The Antec Mini P180 comes without a power supply so I installed an Enermax MODU82+ EMD625AWT, a 625W power supply, into it. The Antec NSK6580B was tested together with its default Antec EarthWatts EA430D (430W) power supply.
The CPU temperature is read with ASUS PC Probe included with the mainboard. The temperature of the HDDs is measured with HDD Thermometer. The graphics card’s temperature is reported by its control panel.
There are the following test modes:
Every temperature is read after the system has worked for half an hour in the current test mode. The noise level is evaluated subjectively. The following table lists the brief specs of the tested system cases:
I will first discuss the performance of each system case individually.
The first HDD is installed into the middle of the top cage; the second HDD is in the top guide of the bottom cage.
Even when the fan speed is at the minimum, the Antec Mini P180 copes well with cooling all of the components, including HDDs. Take note of the low temperature of the CPU. This is due to the reduced clock rate, but the system case will surely cope with hotter and faster CPUs. The clever configuration of airflows shows its benefits here: the two fans in the corner of the chassis are successfully pumping a strong stream of air through the entire case.
The system case should also be praised for its quietness. It is almost silent at the minimum speed of the fans. You can only hear a soft rumble of the HDDs’ heads. And even the HDDs are far quieter here than in standard system cases due to the 3-layer panels. The large fan is good, too. It is silent at low speed – you can hear a soft hiss of the airflow only if you put your ear right next to the fan!
However, when you switch to medium speed, the case becomes audible: the fans are not quiet anymore. And finally, the noise is downright irritating at max speed and is mostly produced by the 200mm fan.
I also tested this system case at the max speed of the fans.
The effect is obvious: every component is cooler now in every mode. The graphics card and HDDs benefit the most from the stronger airflow when under load. I don’t think the increased noise is worth the improvement in temperature, though. Every component is quite comfortable even at minimum speed, so why should you lose your own acoustic comfort? If you do want to improve cooling efficiency, you can try to install a couple of slow and quiet fans on the front panel.
That was not the end of my test, though. If this system case is so good at cooling, perhaps it can handle the CPU in passive mode? I did not look for a special cooler for that. I just unplugged the fan cable of the already installed Zalman CNPS9500 AT. The system fans worked at minimum speed again.
The Antec Mini P180 passes this test! Of course, the CPU temperature is high under load, yet remains within acceptable limits. Thus, you can us passive coolers even for rather fast CPUs in this system case to reduce the overall noise of your computer even more.

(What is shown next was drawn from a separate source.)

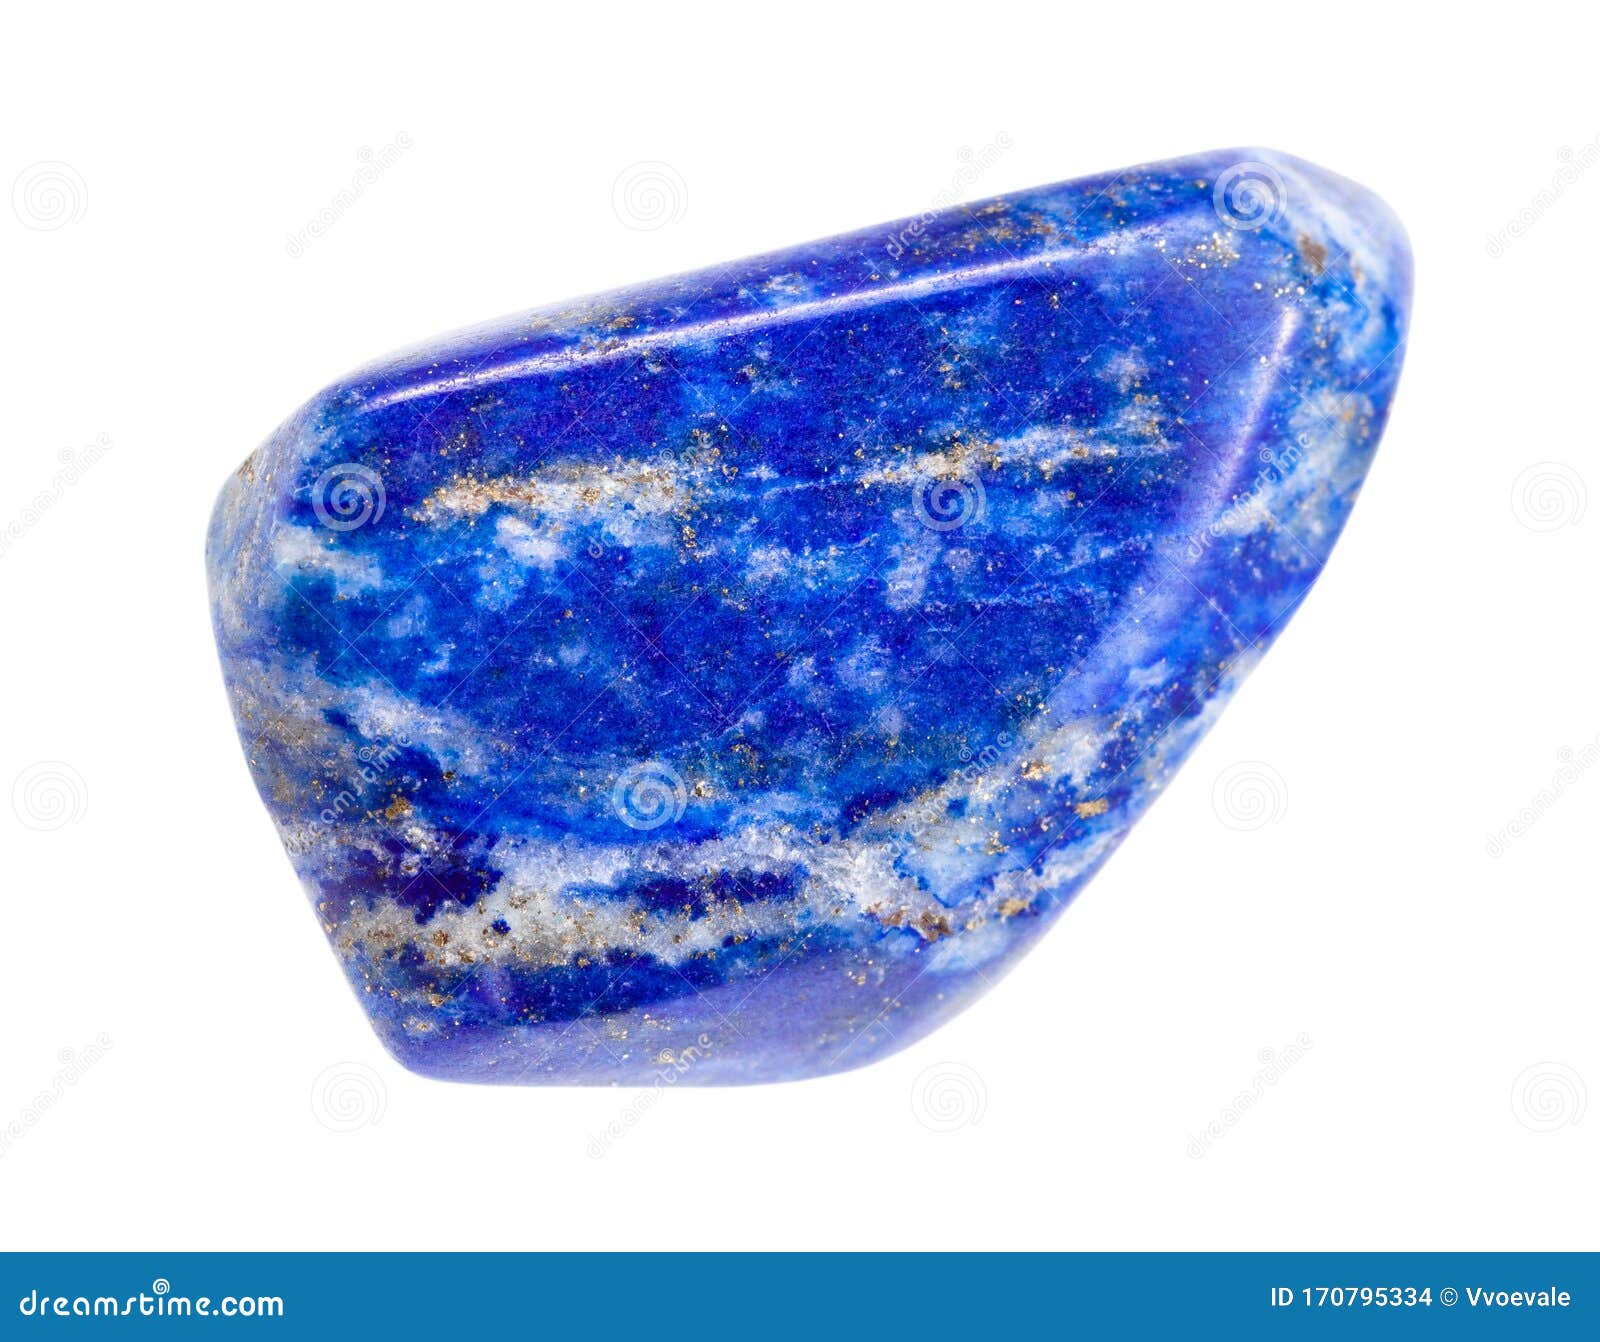 polished lapis lazuli (lazurite) gem

The HDDs are numbered from top to bottom.
The Antec NSK6580B is very good and cools every component well. I should note, however, that the HDDs are rather hot, even though not as alarmingly hot as 50°C or higher. This might have been expected because system cases with only one exhaust fan are usually not very good at cooling HDDs (and the HDDs used in this test are very hot themselves). The NSK6580B seems to have proper ventilation in the front part of the case. The fact that the HDDs are installed with gaps rather than next to each other must have helped, too. The second HDD from top is a good example of that point: being the only HDD that is squeezed between two other HDDs, it has a considerably higher temperature than the others in every mode.

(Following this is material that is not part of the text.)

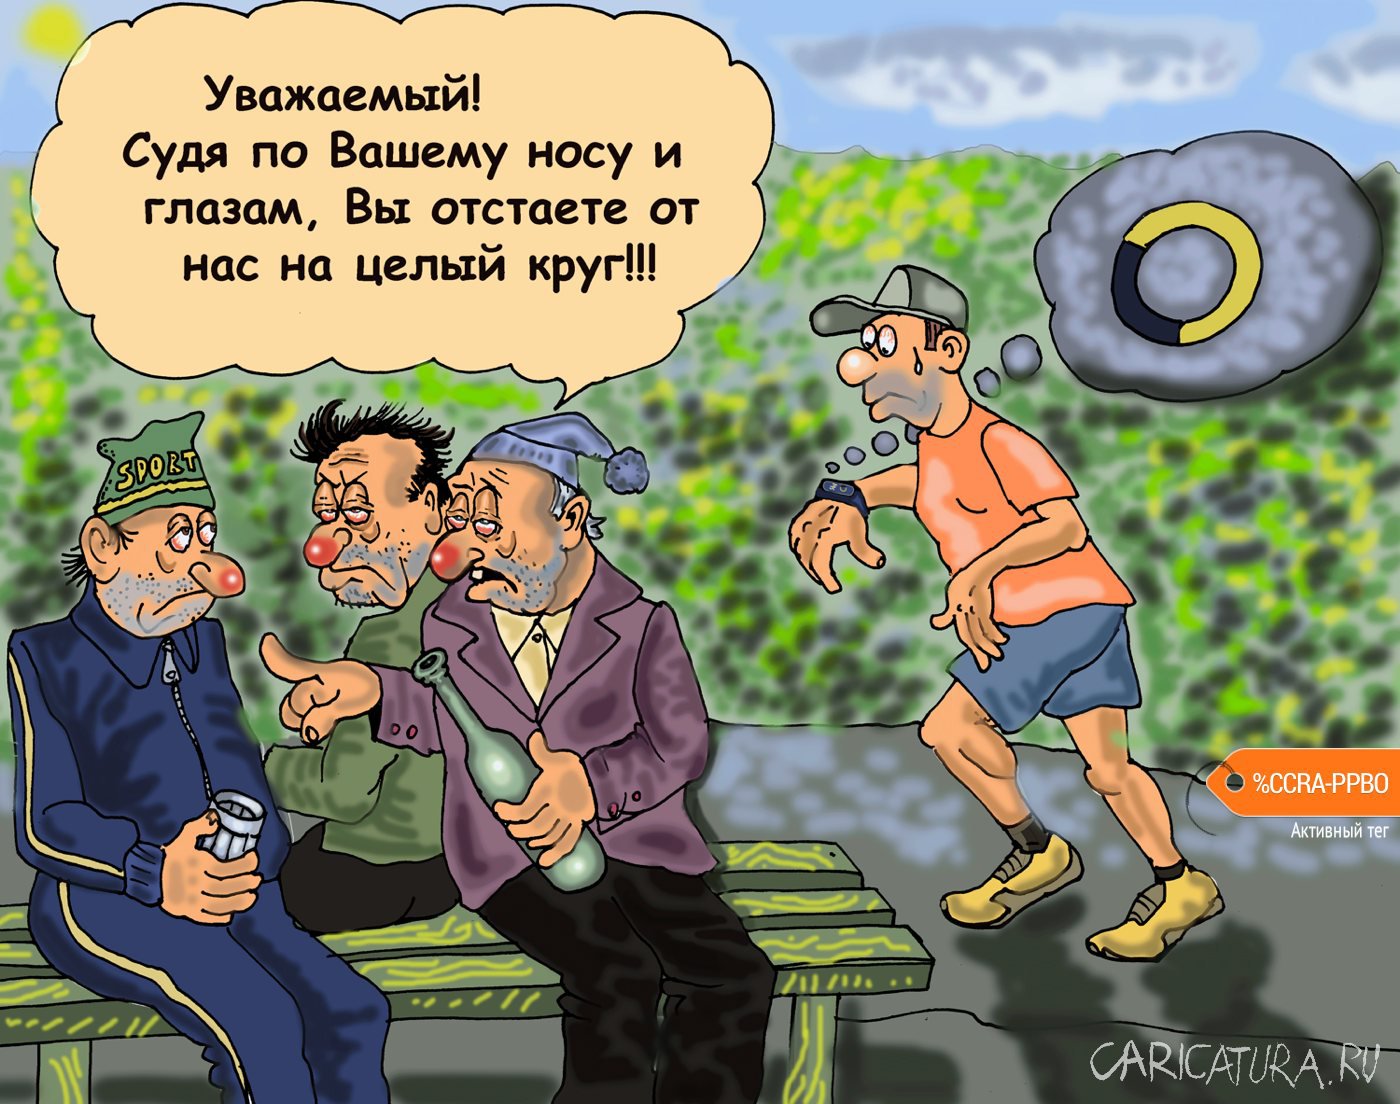 Карикатура "Алкоголик спортсмен", Булат Ирсаев

It is all right about the noise factor, of course. The high quality of manufacture guarantees the lack of undesired noises whereas the single 120mm fan cannot be loud at minimum speed. Thus, it is the HDDs that were the main source of noise in the system. Frankly speaking, the difference from the Mini P180 was easily perceptible. The buzzing of the rotating platters and the clatter of the heads during the IOMeter: Access Time test was much clearer and louder.
Now let’s compare the system cases with each other.
So, the Mini P180 is obviously better when idle. The 200mm fan on the top panel greatly improves the cooling of the system components.
The 200mm fan also contributes to the cooling of HDDs. But again, the NSK6580B is very good for a system case in which there is only one exhaust 120mm fan and four 10,000rpm HDDs working at their full speed.
It is not quite correct to compare these results because the CPU worked at a reduced frequency in the Mini P180. However, you can note that you don’t get much by switching the fans to their max speed. The benefits are small and inconspicuous for ordinary usage (you can achieve the same effect by using a more efficient type of thermal grease). The option of passive cooling of the CPU is appealing, too. The temperatures are far from dangerous even then.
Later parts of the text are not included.